The following discussion should be read in conjunction with the information contained in our financial statements and the notes thereto, which form an integral part of the financial statements, which are attached hereto.
 
The financial statements mentioned above have been prepared in conformity with accounting principles generally accepted in the United States of America and are stated in United States dollars.
 
Our Form 10-Q includes a number of forward-looking statements that reflect our current views with respect to future events and financial performance. Forward-looking statements are often identified by words such as: believe, expect, estimate, anticipate, intend, project and similar expressions, or words which, by their nature, refer to future events. You should not place undue certainty on these forward-looking statements, which apply only as of the date of this Form 10-Q. These forward-looking statements are subject to certain risks and uncertainties that could cause actual results to differ materially from historical results or our predictions.
 
Financial Condition as of January 31, 2011
 
We reported current assets of $75,000 cash on January 31, 2011. Total current liabilities reported of $237,801 consisted of $25,345 in accounts payable, $212,456 in convertible notes payable and $nil in advances to related parties.
 
Stockholders’ Deficiency increased from a deficiency of $141,170 at October 31, 2010 to a deficiency of $162,801 at January 31, 2011.
 
Background
 
We were incorporated under the laws of the State of Nevada on June 28, 2006 under the name Patterson Brooke Resources Inc. to identify and acquire a mineral property that held the potential to contain gold and/or silver mineralization.  In early 2010, due to the global economic crisis, a challenging environment for raising capital and the lack of suitable drill targets discovered on the Alice Claim, we decided to shift our business focus to begin to explore opportunities in the development and production of hybrid, electric, alternative fuel and diesel heavy duty transit buses, luxury motor coaches and tour buses.  In furtherance of that, on April 7, 2010, we amended our Articles of Incorporation to change our corporate name to Cleantech Transit, Inc.   We have since expanded our business focus to invest directly in specific green projects. Recognizing the many economic and operational advances of converting wood waste into renewable sources of energy, in February 2011, we began negotiations to invest in Phoenix Energy, a manufacturer and distributor of biomass-generated power plants.

On February 14, 2008, we conducted a 25 to 1 forward stock split of all of our issued and outstanding shares.

On March 10, 2010, we entered into a Letter of Intent with Greentech Holdings LLC (“Greentech”) outlining the terms of a contemplated definitive agreement for the purchase of certain assets in the clean technology urban mass transit sector from Greentech in exchange for 32,000,000 shares of our common stock. In late-2010, we decided not to pursue a transaction with Greentech.

On October 13, 2010, we conducted a 3 to 1 forward stock split by way of stock dividend.  In accordance with the forward stock split, we issued a dividend of two shares of common stock of the Company for each share of common stock issued and outstanding as of the record date of October 13, 2010 (the “Stock Dividend”).  The payment date for the Stock Dividend was October 13, 2010.

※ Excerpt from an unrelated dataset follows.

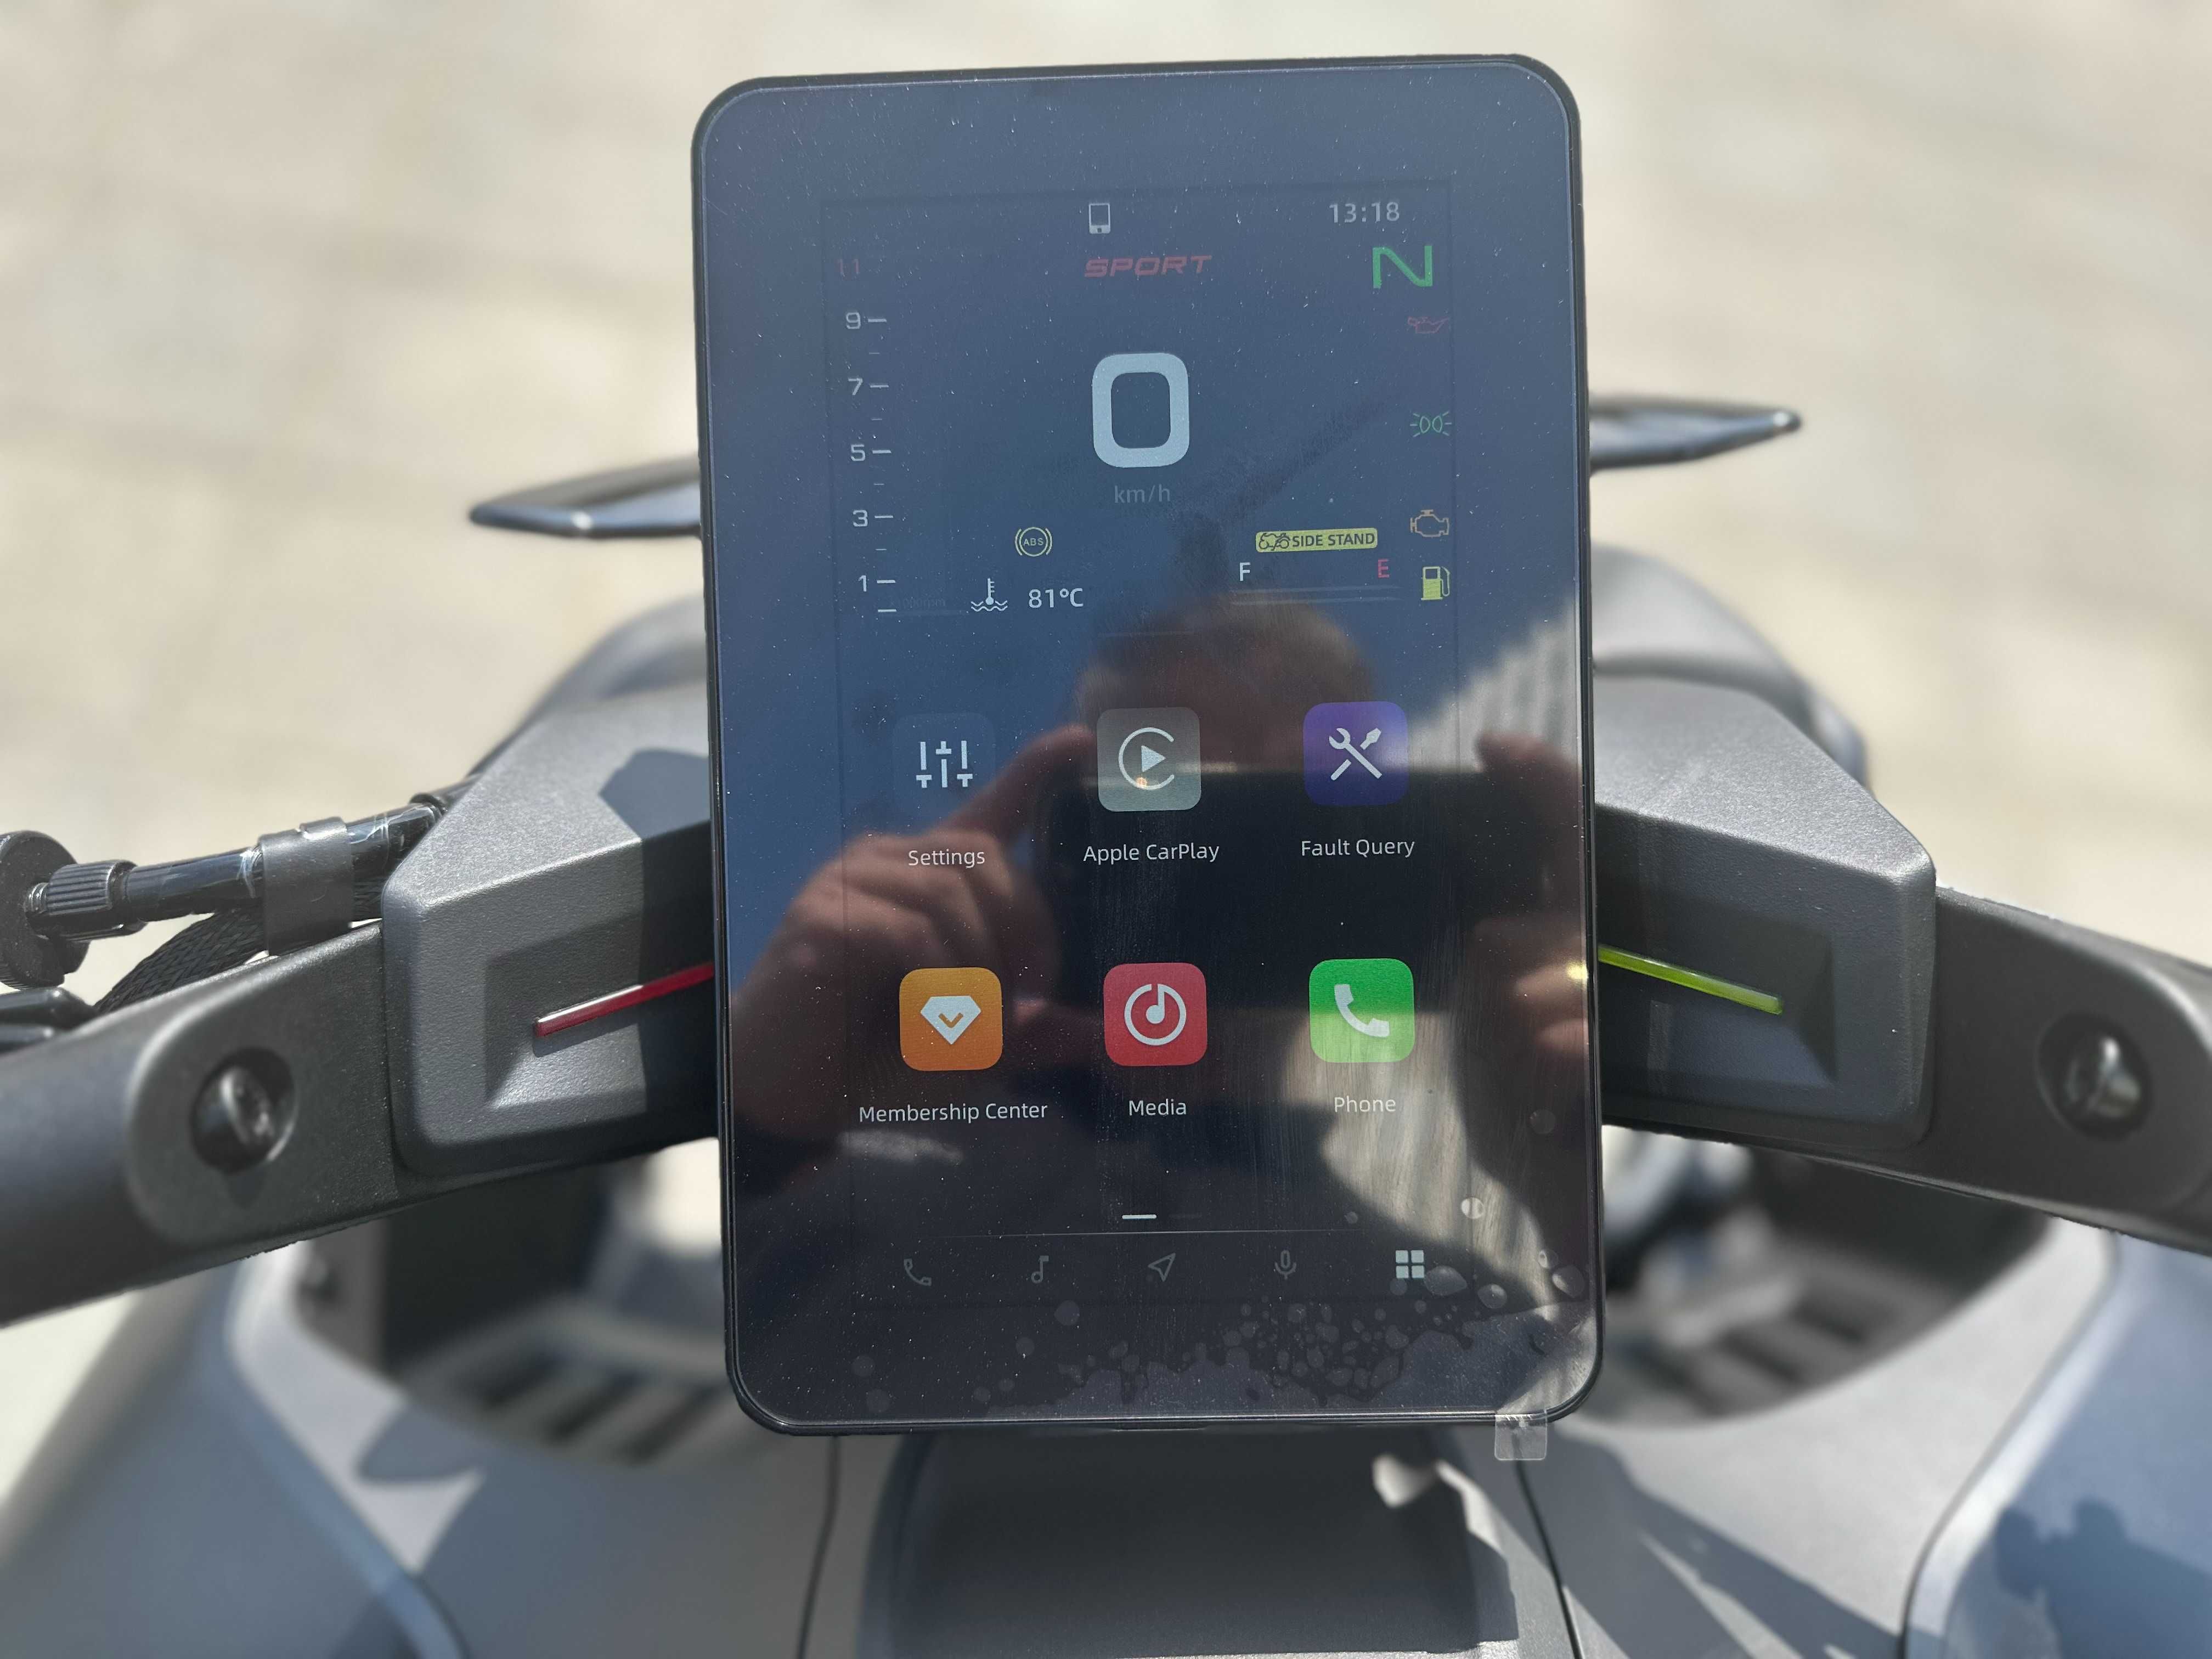 Motocykl CF Moto 800NK Advance Wyprzedaż Raty 0% /Leasing /Transport

On February 11, 2011 we signed a term sheet with Phoenix Energy to earn in to the ½ Megawatt project which is currently 100% owned by Phoenix Energy.  Under the terms of the agreement, we have an option to acquire a 25% interest into Phoenix Energy's asset base, which includes a fully constructed, one-half megawatt (500 kilowatt) biomass energy project located in California.  The amount required to earn up to 25% of the ½ Megawatt project will be based on the final cost of the completed project.  The equity for the remainder of the investment will be delivered on a pro rata basis.
 
Critical Accounting Policies
 
The preparation of financial statements in conformity with United States generally accepted accounting principles (“GAAP”) requires management of our company to make estimates and assumptions that affect the reported amounts of assets and liabilities, the disclosure of contingent assets and liabilities at the date of the financial statements, and the reported amounts of revenues and expenses during the reporting periods.
 
The discussion and analysis of our financial condition and results of operations are based upon our financial statements, which have been prepared in accordance with GAAP.  We believe certain critical accounting policies affect our more significant judgments and estimates used in the preparation of our financial statements.  A description of our critical accounting policies is set forth in our Annual Report on Form 10-K for the year ended October 31, 2010.  As of, and for the three months ended January 31, 2011, there have been no material changes or updates to our critical accounting policies.
 
 
8

 
 
Results of Operations
 
The following discussion of the financial condition, results of operations, cash flows and changes in our financial position should be read in conjunction with our audited consolidated financial statements and notes thereto for the fiscal year ended October 31, 2010 included in our Annual Report on Form 10-K filed on February 9, 2011.  On May 24, 2010 the Company changed its focus from exploration of mineral properties, to manufacturing, marketing and distributing in the urban mass transit sector.
 
Comparison of Three Months Ended January 31, 2011 and January 31, 2010

During the three month periods ended January 31, 2011 and January 31, 2010, we earned no revenues.
 
Results of Operations, Three Months Ended
 
January 31, 2011
   
January 31, 2010
 
             
Accounting and audit
 
$
11,304
   
$
-
 
Bank charges
   
-
     
-
 
Filing Fees
   
119
     
-
 
Interest
   
3,580
     
-
 
Investors’ relations
   
-
     
-
 
Legal
   
5,803
     
-
 
Management fees
   
-
     
-
 
Office
   
-
     
-
 
Rent
   
-
     
-
 
Transfer agent’s fees
   
825
     
-
 
Expenses from operations
 
$
21,631
   
$
-
 
Expenses from discontinued operations
   
-
     
6,294
 
Total Expenses
 
$
21,631
   
$
6,294
 
 
Total operating expenses for the three months ended January 31, 2011 increased to $21,631 from $nil for the three months ended January 31, 2010, due largely to an increase in accounting and audit expenses from $nil in 2010 to $11,304 in 2011 and an increase in legal expenses from $nil in 2010 to $5,803, which increases are primarily attributed to an increase in professional costs and fees associated with the shift in our business focus and our fundraising efforts.  Expenses from discontinued operations decreased from $6,294 in 2010 to $nil in 2011.
 
Period from inception of development stage, May 25, 2010 to January 31, 2011
 
We have an accumulated deficit during the development stage period of $82,942. Deficit accumulated during the pre exploration stage was $219,677 for a total accumulated deficit of $302,619.
 
As a development stage company, we currently have limited operations, principally directed at potential acquisition targets and revenue-generating opportunities.
 
Liquidity and Capital Resources
 
As of January 31, 2011, our assets consisted of cash of $75,000 as a result of the issuance of a convertible note of $75,000 during the period ending January 31, 2011.  As at January 31, 2011, the Company had aggregate convertible notes payable of $212,456 (January 31, 2010 - $nil) including interest payable relating to these notes of $6,507 for the period ended January 31, 2011.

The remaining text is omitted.